Là encore, l’aide d’un tiers pouvant transmettre ou récu­pérer le courrier peut s’avérer déterminante. Un fonction­nement par défaut qui expose une nouvelle fois la victime et les aidants à des sanctions. « Lorsque l’on est détenu et que l’on veut porter plainte contre des personnels péni­tentiaires violents, chaque étape est une lutte, résume une avocate. Il faut batailler en permanence pour des choses auxquelles vous avez droit. On vous demande d’avoir dix fois plus d’éléments probants alors que vous avez dix fois moins de chances d’en avoir. Dans les faits, il est quasi­ment impossible pour les personnes détenues d’amener des éléments en soutien de leur plainte. »

Par Sarah Bosquet


« Sois tu entres en guerre, sois tu fais le canard »

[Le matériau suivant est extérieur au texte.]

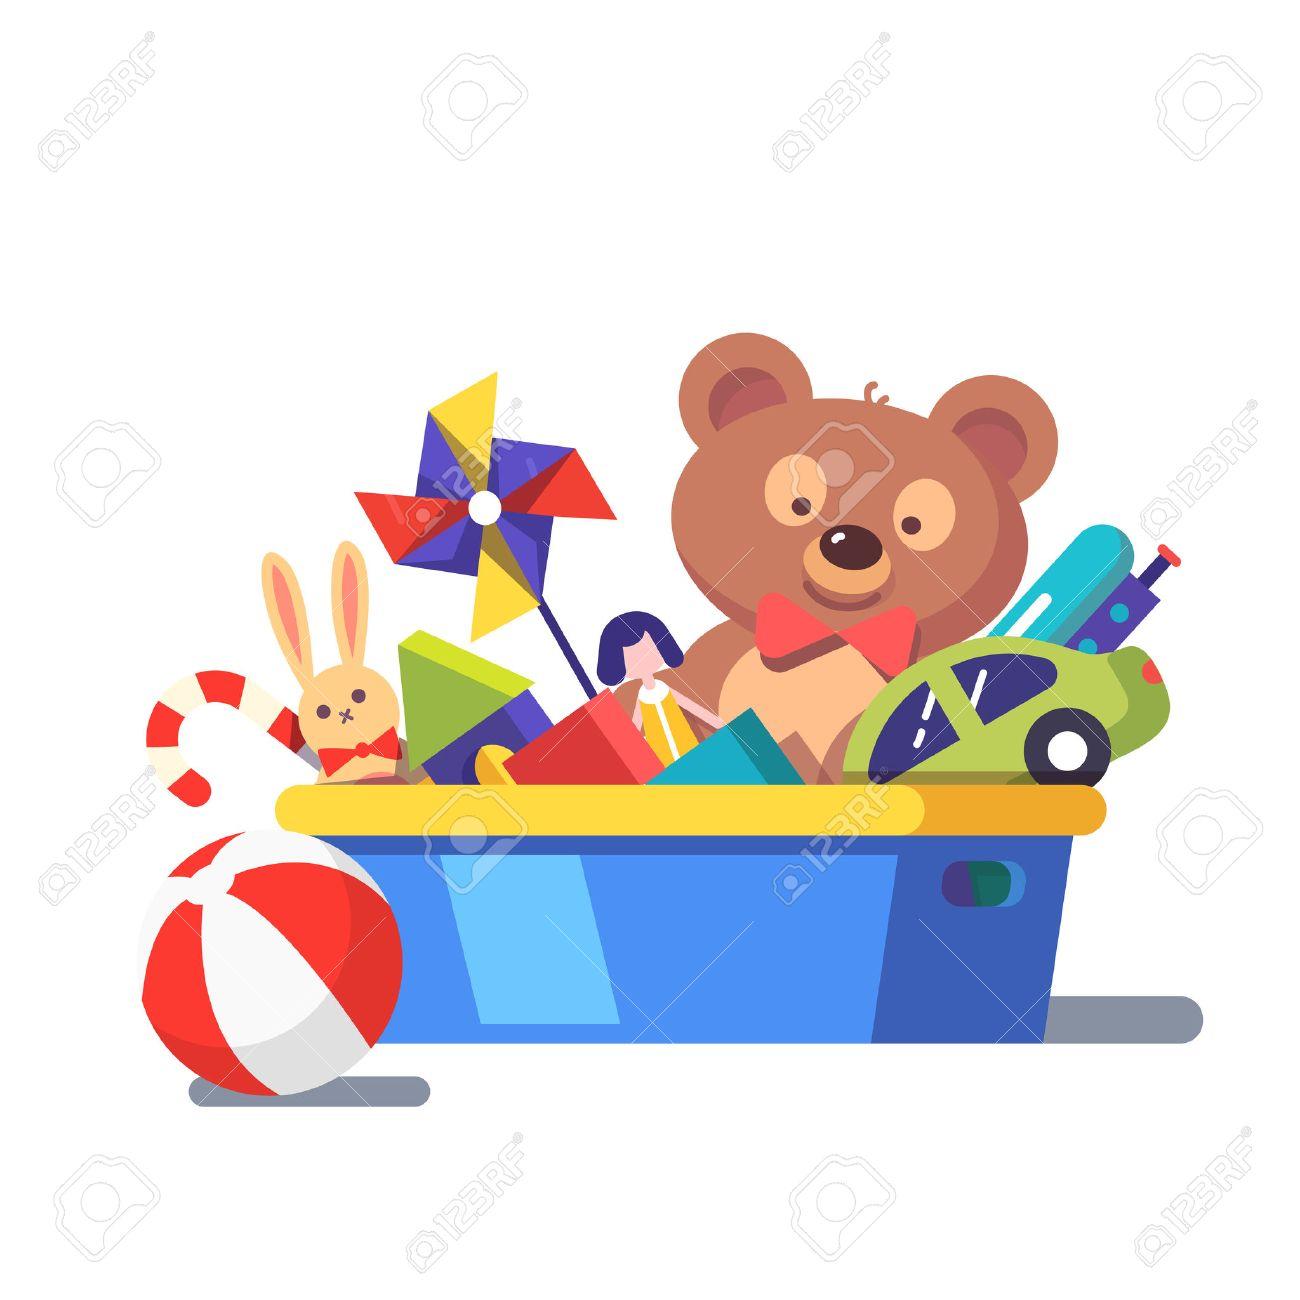 kids toy box full of toys modern flat style vector illustration rh 123rf com clipart toys free clip art toy box

« Si tu portes plainte contre un surveillant, tu sais qu’on va te pour­rir le quotidien. En maison d’arrêt, on va te mettre dans la cellule la plus pourrie, avec les plus turbulents, des profils incompatibles avec le tien. En centrale ou en centre de détention, seul en cellule, tu peux t’attendre à ce que lors des rondes de nuit, on mette un bon coup de pied dans ta porte. C’est insidieux, ça te fait une nuit fragmentée. La privation de sommeil, c’est de la torture ! Et ça va te poursuivre tout au long de ta détention, tu vas être longtemps exclu du travail pénitentiaire, tu n’auras pas tes cent balles qui vont te permettre d’acheter ton tabac et tes cantines, donc ça va te pénaliser financièrement et pénaliser ceux qui te suivent encore – s’il y en a, et s’ils t’envoient des mandats… Soit tu entres en guerre, soit tu fais le canard : il n’y a pas d’autre choix. Ceux qui ne se rendent pas compte des conséquences, les innocents, vont se faire briser. »
C., ancien détenu.


(1) Une recomman­dation réitérée par le CPT lors de sa dernière visite fin 2015. Rapport au gouvernement de la République française relatif à la visite effectuée en France par le Comité européen pour la prévention de la torture et des peines ou traitements inhumains ou dégradants du 15 au 27 novembre 2015.
(2) Toutes les citations sont extraites de témoignages recueillis par l’OIP.
(3) Article R.57-7-31 du code de procé­dure pénale.
(4) Unité hospita­lière collaborant avec l’autorité judiciaire, notam­ment pour l’ac­cueil et l’examen médico-légal des victimes de coups et blessures.
(5) L’OIP a envoyé un questionnaire à plus de 150 unités sanitaires. Sur les 20 qui ont répondu, 13 ont déclaré pratiquer l’évaluation du nombre de jours d’ITT. La plupart des médecins concernés avait suivi une forma­tion en médecine légale.